- My son holding a pair of horseshoe crabs
- A close up of a common green darner reveals the amazing compound eyes
- A pair of devil rider walking sticks that can squirt a toxic brew of terpenes to defend themselves
- The greenhouse frog lurks in many gardens and elsewhere and can breed without ponded water
- A tiny hatchling corn snake is a member of the arboreal rat snake group
- The black racer is a mostly terrestrial snake that moves very fast
- An adult Florida box turtle is worthy of respect for its advanced age
- The bottom shell or plastron of a male box turtle has a concave portion to facilitate mating
- A pair of bald eagles directly over our house is involved in pre-mating behavior
I have for some time been dissatisfied with being primarily interested in one aspect of natural history such as birds or plants. The variety of fascinating creatures I have encountered this week illustrates the difficulty of restricting your scope of curiosity. I admit the problems of identifying some of the critters and plants can be daunting, but the advent of internet interest groups and simplified identification manuals makes this manageable.
My son, who was visiting from Utah, found this pair of horseshoe crabs (Limulus) in tandem near the southern tip of Little Gasparilla Island. Of course these are not crabs at all but harmless relatives of the spiders/arachnids which are very ancient marine inhabitants. The smaller male has two appendages to hold on to the female until she crawls up on the beach to lay her eggs. The bluish blood has special clotting properties which are quite valuable in medicine, and the eggs are invaluable also in feeding migrating shorebirds. The shed exoskeletons are seen more often than the live animals so it was a special treat to find this pair.
I never cease being amazed by dragonflies and was fascinated by this immature common green darner. This is a very old lineage of insects which is predatory both as aquatic larvae and as the aerial adult. Their behavior is highly visually oriented and the enormous compound eyes made up of 30,000 individual ommatidia are remarkable. The legs are covered with spines which help in holding prey caught and often consumed in flight. Green darners migrate long distances and are capable of complex social interactions. They have become popular objects of observation by those who have mastered birds and want to find new intellectual fields to conquer.
One of the insects most opposite to dragonflies in terms of mobility is the walking stick which is slow moving and camouflaged. You may often find these as mating pairs in Florida and they are sometimes called devil-riders, possibly due to the ability of the large female to squirt toxic terpenes into the eyes of an attacker. So be careful when you examine them!
I spend a lot of time working in our yard and often find interesting critters such as this small greenhouse frog introduced from the Caribbean. It likely immigrated in the root balls of plants brought in by nurseries along with the worm-like Brahminy blind snake. It is quite unusual among amphibians since it lays terrestrial eggs that hatch directly into tiny frogs without an aquatic tadpole stage. The advantage of this in habitats with damp soil but which lack fresh water pools is obvious and allows them to colonize areas unavailable to other frogs.
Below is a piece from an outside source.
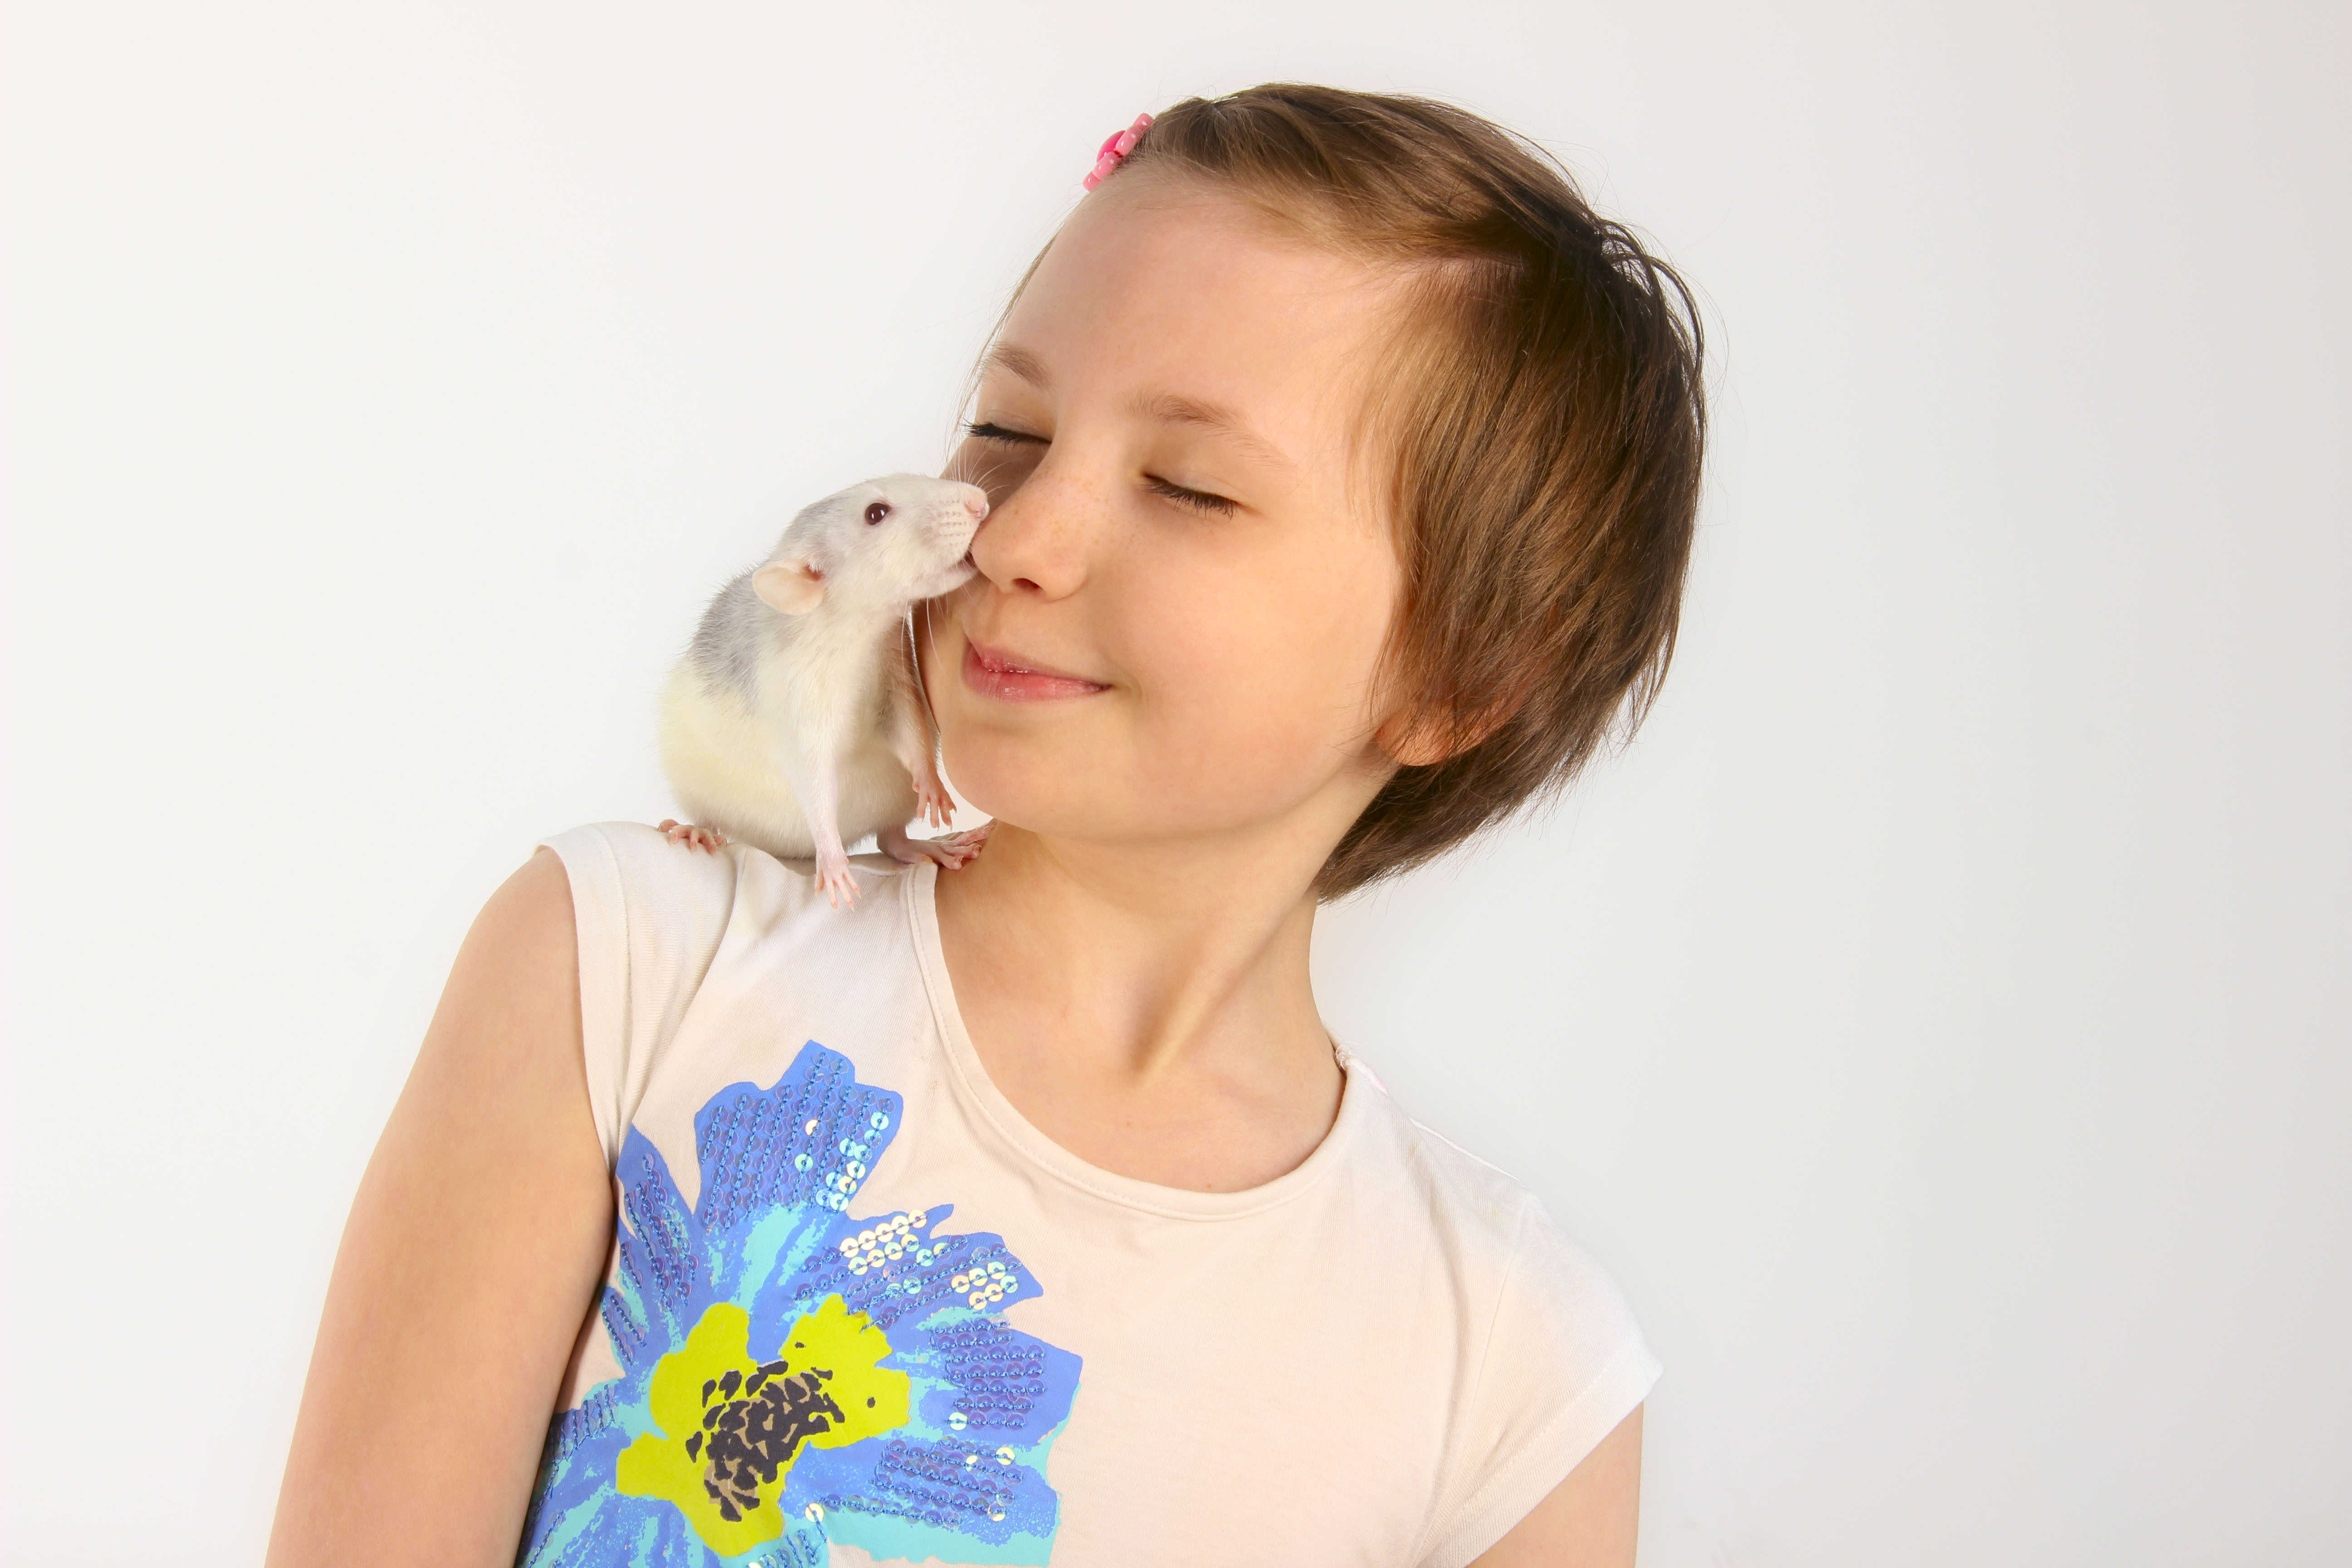 rat on child's shoulder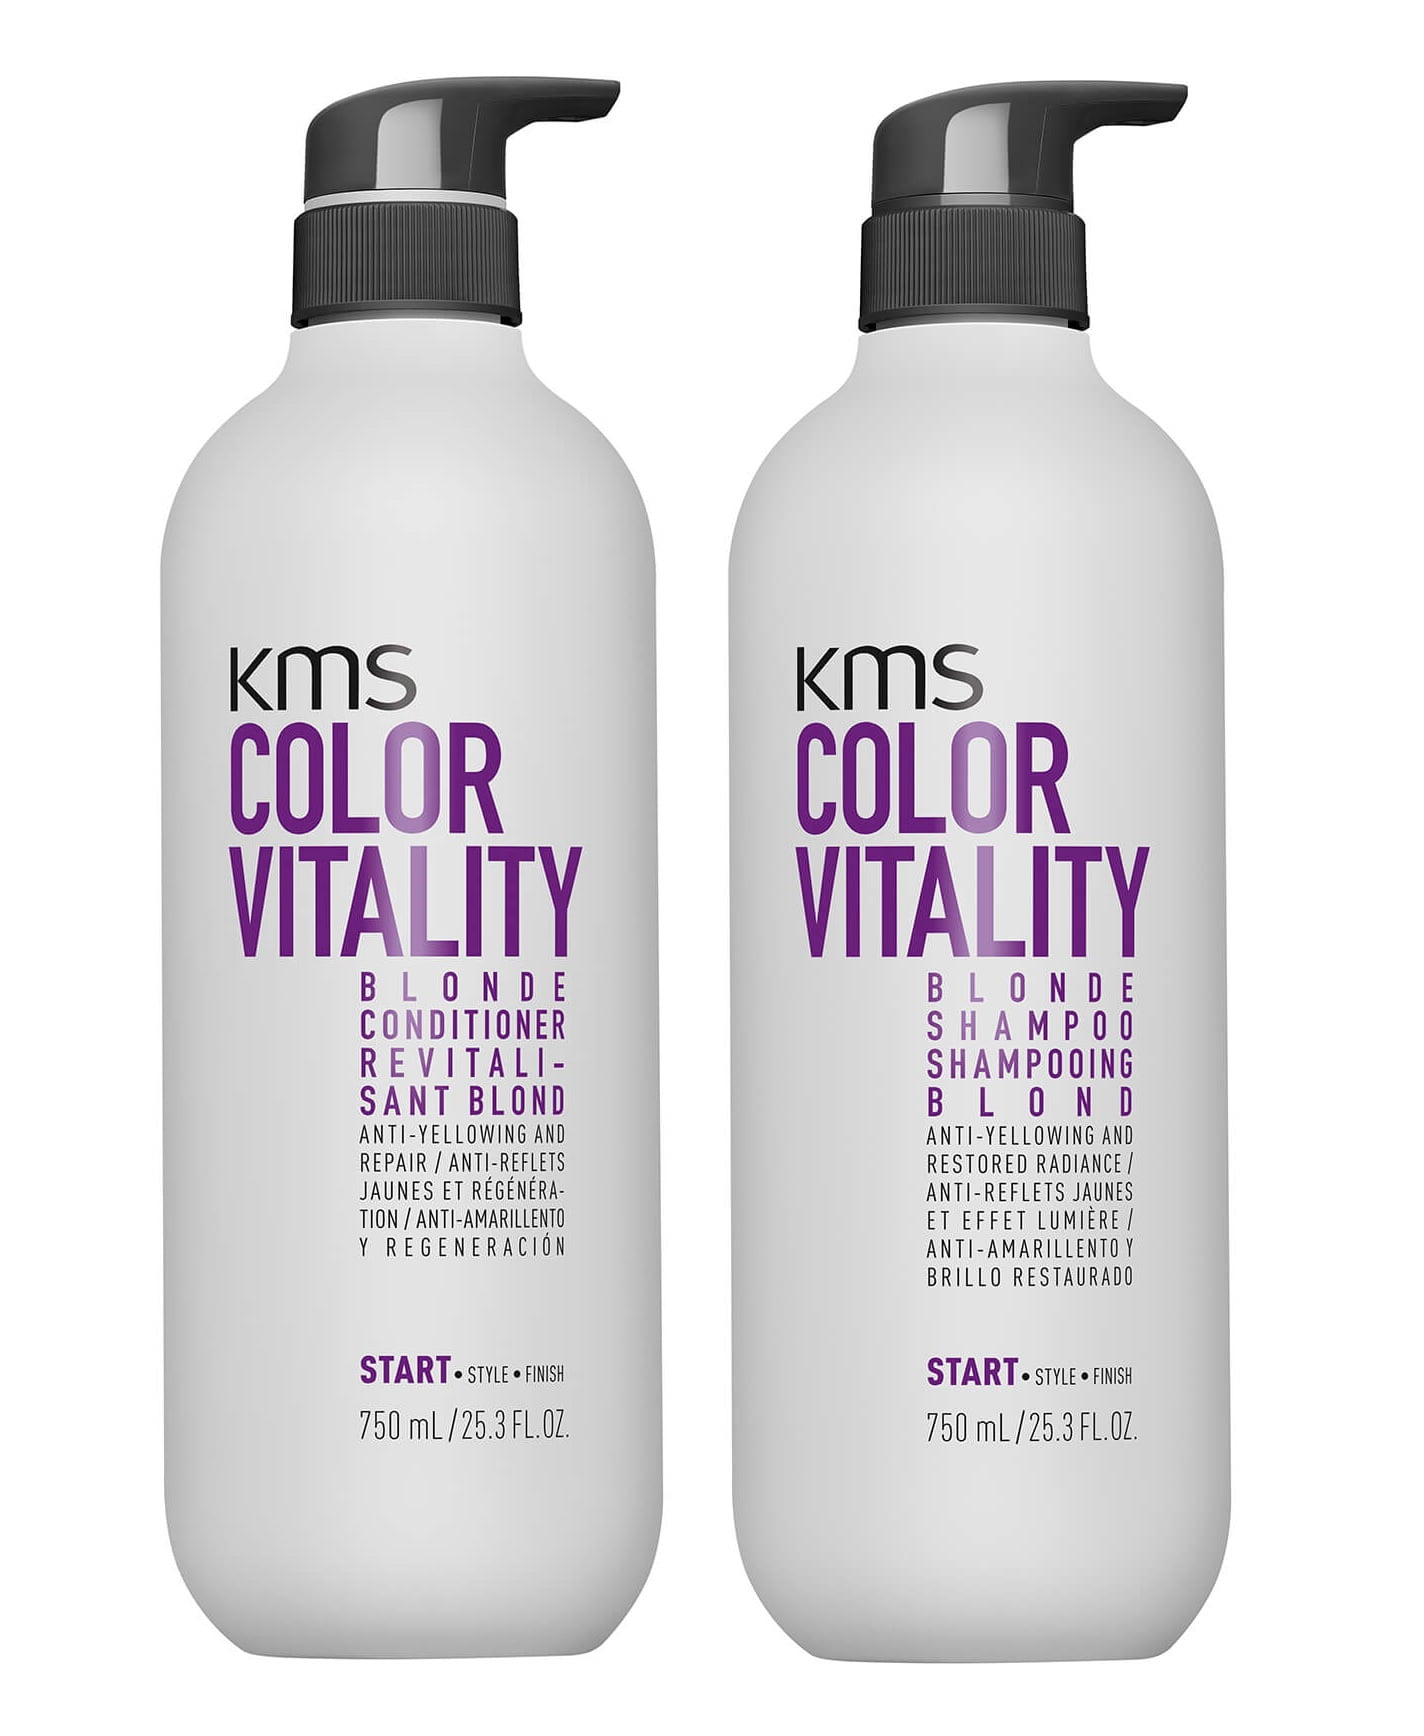 KMS California Color Vitality Blonde Shampoo & Duo 25.3oz Walmart.com

Two snakes turned up in our yard, a very young corn snake, one of the rat snakes, and a black racer. The corn snake has a series of dark lines on the head, one of which passes through and obscures the dark pupil of the eye. The black racer has a dark area on the upper part of the head, including the dark pupil and a reddish iris. Both of these patterns must make it harder for prey or predators to detect the snake when it is motionless. The corn snake is much more arboreal than the racer and this likely provides some habitat separation which limits competition for food between them.
I was excited to find an adult male Florida box turtle on Palm Island. Although males often have a reddish iris at least some of the year, the reliable way to sex them is by the concave shape of the bottom shell or plastron. The purpose of this obviously is to facilitate mating which must be quite difficult given the rigid shells. Indeed poet Ogden Nash penned the famous lines,
The Turtle
by Ogden Nash
The turtle lives ‘twixt plated decks
Which practically conceal its sex.
I think it clever of the turtle
In such a fix to be so fertile.
While sitting at the computer recently I heard a familiar sound which I knew to be the call of a bald eagle. I rushed outside and looked up at the osprey nest which sits immediately over our house in a tall Norfolk Island pine. There were two eagles sitting in the nest engaged in some bill fencing which soon led to mating. The eagles then left and did not seem interested in taking over the osprey nest which they occasionally try to do. The relationship between these two predators, which compete for fish as food and sometimes for nest sites, reminds me of the uneasy relations between lions and hyenas- in other words not friendly!
So try expanding your horizons and learn a new animal or plant from a taxonomic group with which you are not familiar. It is not as hard as you might think and it will be very rewarding.